An attorney for Tamerlan Tsarnaev’s widow, Katherine Russell, a Rhode Island native who reportedly met Tamerlan at a nightclub and converted to Islam for him, has said she worked up to 80 hours a week to provide for the family.
Both brothers drove late model Hondas, said Gilberto Junior, who owns a Somerville auto body shop just a block away from their apartment in Cambridge. Dzhokhar routinely recommended the shop to his friends who drove fancy cars, Junior said, but Dzhokhar was “just the passenger.”
Tamerlan Tsarnaev purchased two fireworks-firing mortars, along with 48 pyrotechnic shells, from a New Hampshire store in February. The shells might have been enough to yield between a pound and a pound and a half of black powder, according to Phantom Fireworks vice president William Weimer. Weimer indicated it would have been easier to buy the larger quantities needed for bombs through a supply store.
“My assumption is that they probably experimented and decided they couldn’t get enough, and went elsewhere for the powder,” Weimer said in an interview from his company’s Ohio headquarters.
Some stores, for instance, advertise online that they will sell up to 50 pounds of black powder at a time, for about $15 a pound.
The bombs apparently were triggered by a remote-controlled detonator, U.S. officials told the Associated Press on Wednesday. One of the anonymous officials told the AP that the detonator was “close-controlled” – meaning it had to be triggered within several blocks of the bombs. An FBI affidavit made public states that videotape shows on the suspects “manipulating” his cellphone shortly before the blasts.
The Boston street where both bombs had been planted along the marathon route opened Wednesday to the public for the first time since the April 15 explosions. As relieved residents strolled Boylston Street, businesses were beginning to reopen, many sporting “Boston Strong” signs in their front windows.
Public works crews were repairing brick sidewalks that had been damaged by the blast, and orange traffic cones were placed to cordon off the actual bomb sites, as crews laid fresh concrete over them. Several bouquets of flowers and rose petals were left at the scene.

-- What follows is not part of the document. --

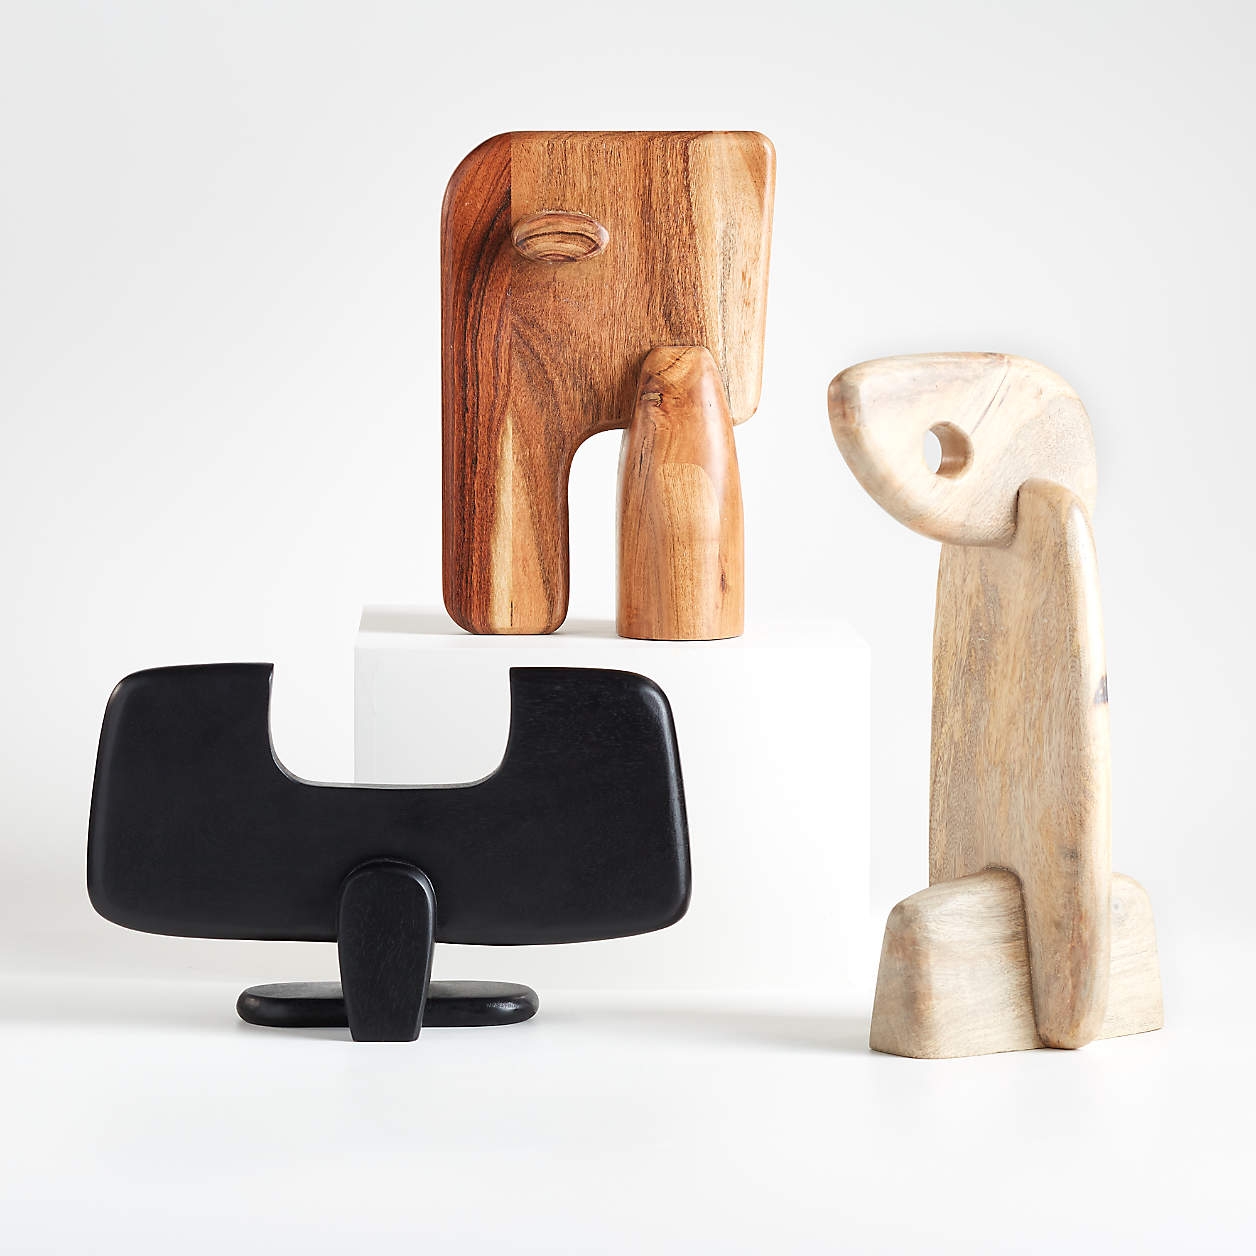 Abstract Wood Elephant Sculpture - Image 1

Several businesses near the bombs sustained heavy damage and were still boarded up, including the Forum Restaurant, where surveillance footage taken from a doorway camera April 15 picked up the younger Tsarnaev walking away without the knapsack he had been carrying.
The Boston Public Library’s main building, which sits along Boylston Street and had been closed since the explosions, also opened Wednesday and offered a free concert in the afternoon.
The library also waived its usual late fees.
Clark reported from Boston, Doyle from Washington. William Douglas of the Washington Bureau contributed.